KEY WORDS: rabies, anti-rabies prophylaxis, immunoglobulins, cytokines. CORRESPONDENCE TO:
JAIRO A. AYRES, Departamento de Enfermagem, Faculdade de Medicina de Botucatu, UNESP, Distrito de Rubião Júnior, 18618-000, Botucatu, SP, Brasil. Email:
INTRODUCTION
Rabies is a zoonotic, viral disease. The causative agent, Lyssavirus of the family
Rhabdoviridae, is responsible for acute encephalitis. In developed countries, rabies is
spread from wild to domestic animals and consequently to humans; once clinical
signs appear, it is fatal. (10).
From an epidemiological point of view, rabies remains a very important public health
problem in several developing countries from the African, Asiatic (64), and South
American continents (15, 28, 43, 45, 46, 63, 64). It is estimated that around 300
people die from the disease and approximately 300,000 are treated every year with
post exposure serum vaccination (2).
Oceania and Antarctica are free of the disease (2, 37, 50), and it has been
eradicated in Japan, England, the Oceania islands, some Pacific islands, and other
island countries. In countries such as France, Germany, Spain, Canada, and the
United States, it has been controlled by efficient surveillance systems (39, 44).

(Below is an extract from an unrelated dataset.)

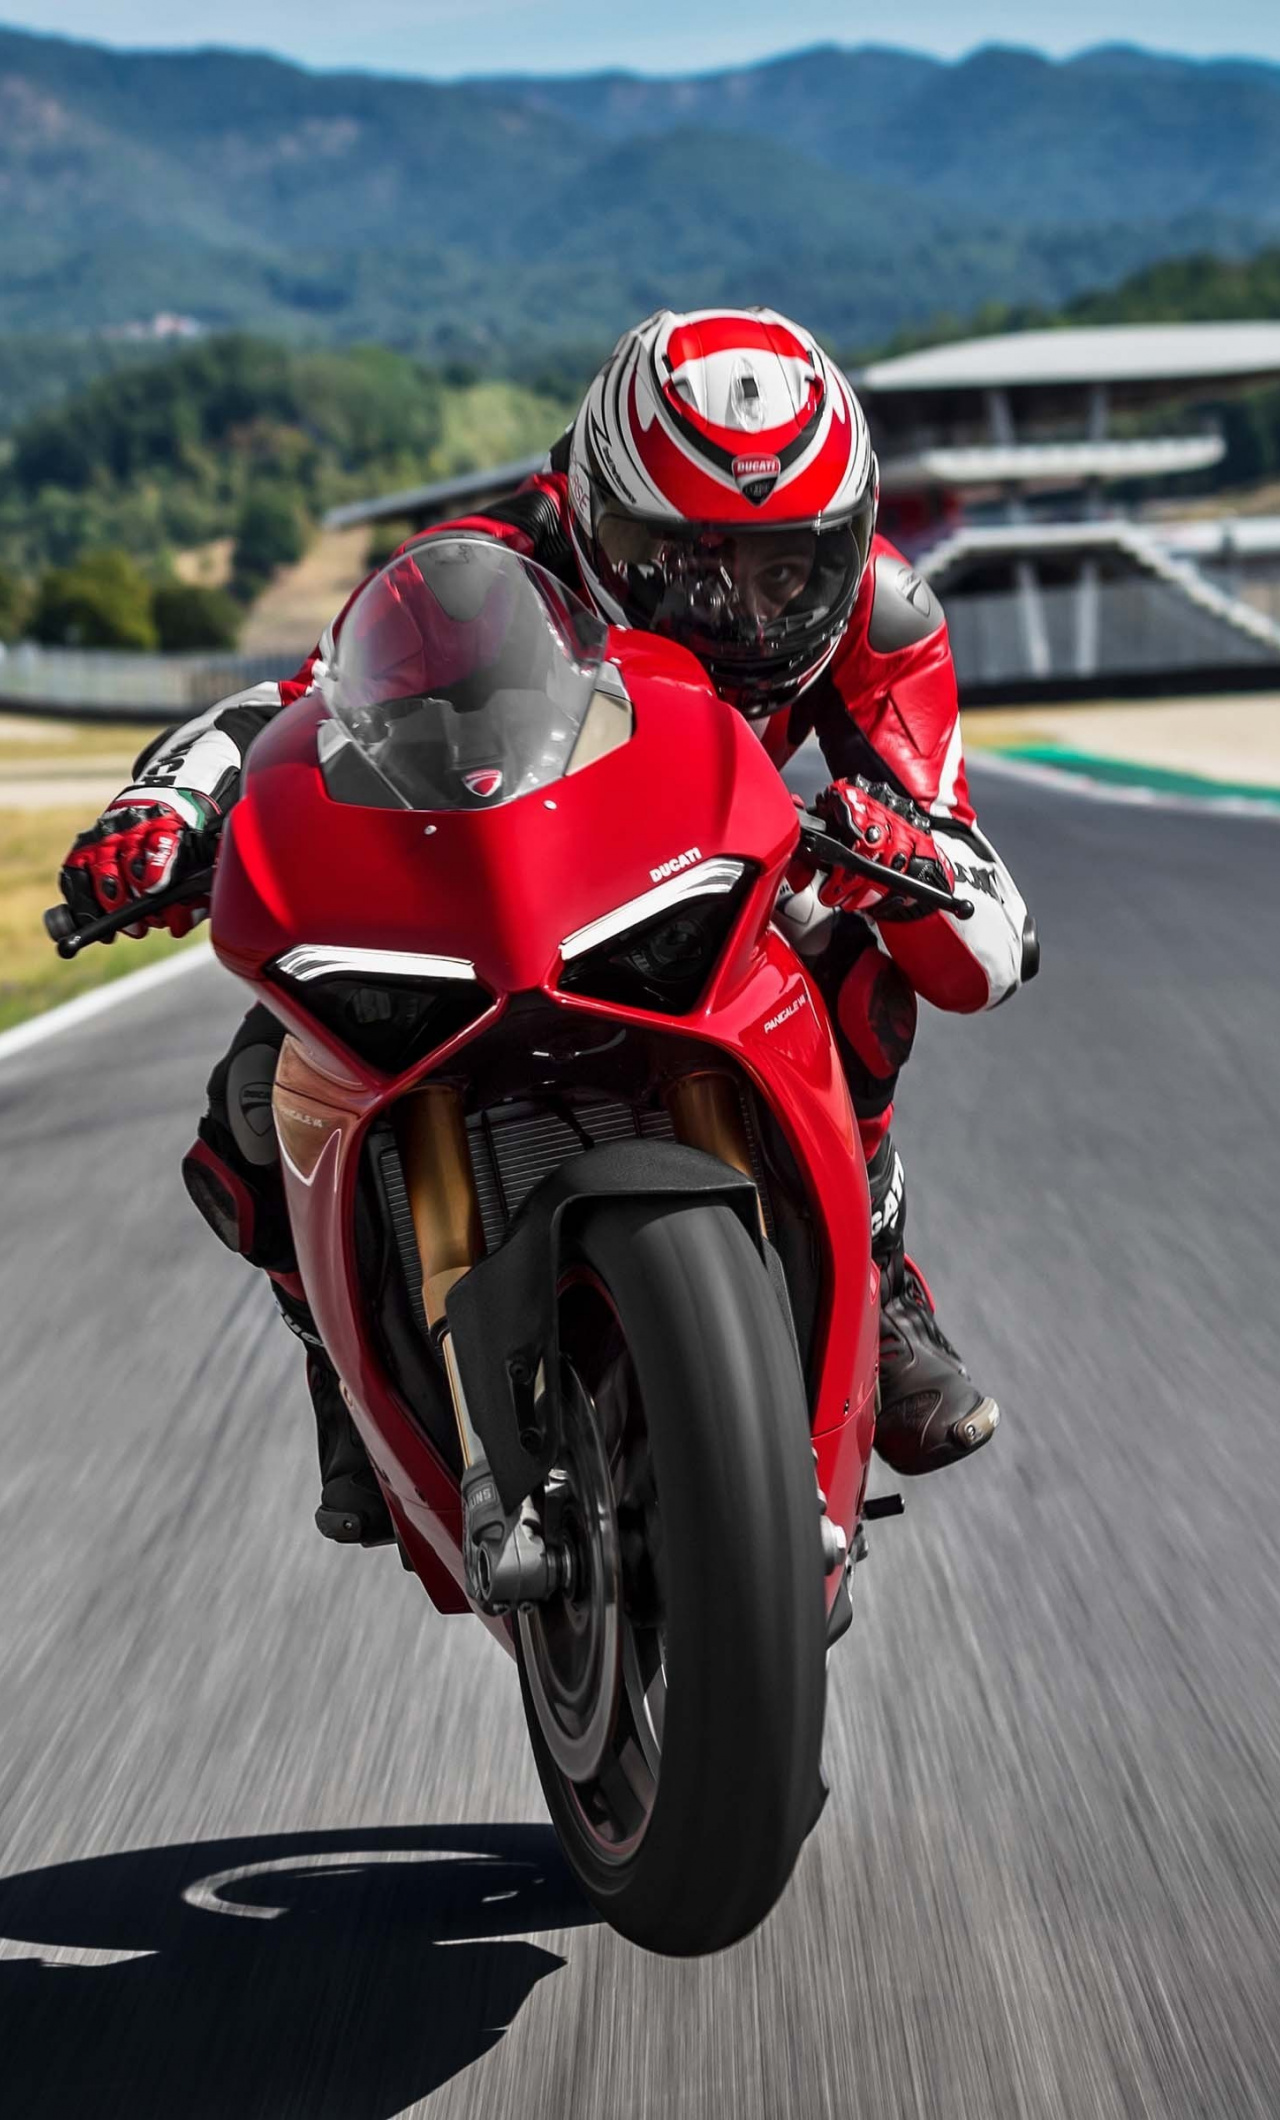 Ducati V4 2115779 Hd Wallpaper Backgrounds Download
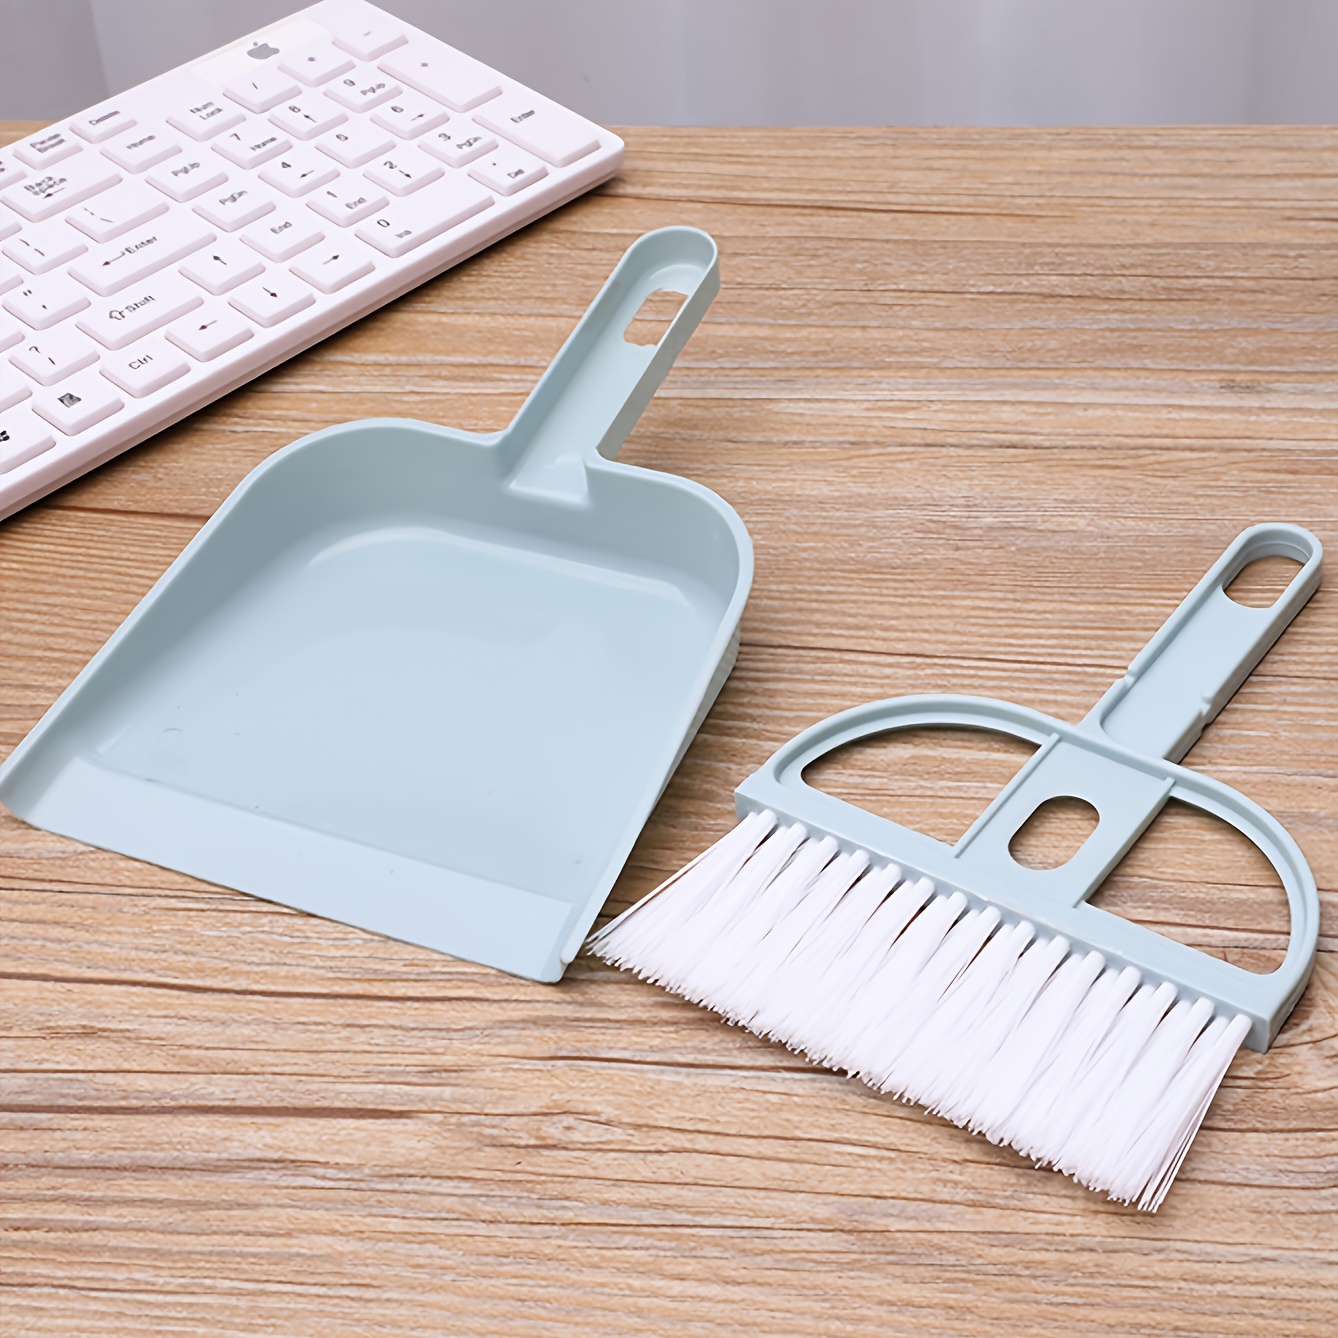 1pc Desktop Mini Broom Keyboard Cleaning Brush Small Broom Set

In Brazil, despite great advances in rabies control, there are still incidences of the
disease in the North, Northeast, Central West, and some southern states (47). The
southern region is considered a controlled area (45). Reports of the disease have
been decreasing in Brazil since the 1980’s, but case frequency is still variable. In
2000, twenty-six cases were recorded and confirmed, four of which were in the
Central West, nine in the North, and 13 in the Northeast (15). The highest incidences
occur in poorer areas, and in areas where there are no effective control programs
and there is higher contact between man and animals.
The Word Health Organization (WHO) recommends that all people highly exposed to
animals with suspected or confirmed rabies diagnosis must receive anti-rabies
prophylactic treatment with serum vaccination (60). This treatment is intended to
protect the host against disease development using the following strategy: the
anti-rabies serum specific immunoglobulin provides a long period of protection, offering
antibodies for immediate virus neutralization, while the vaccine stimulates
endogenous antibody production to give an efficient immunologic memory (14, 61).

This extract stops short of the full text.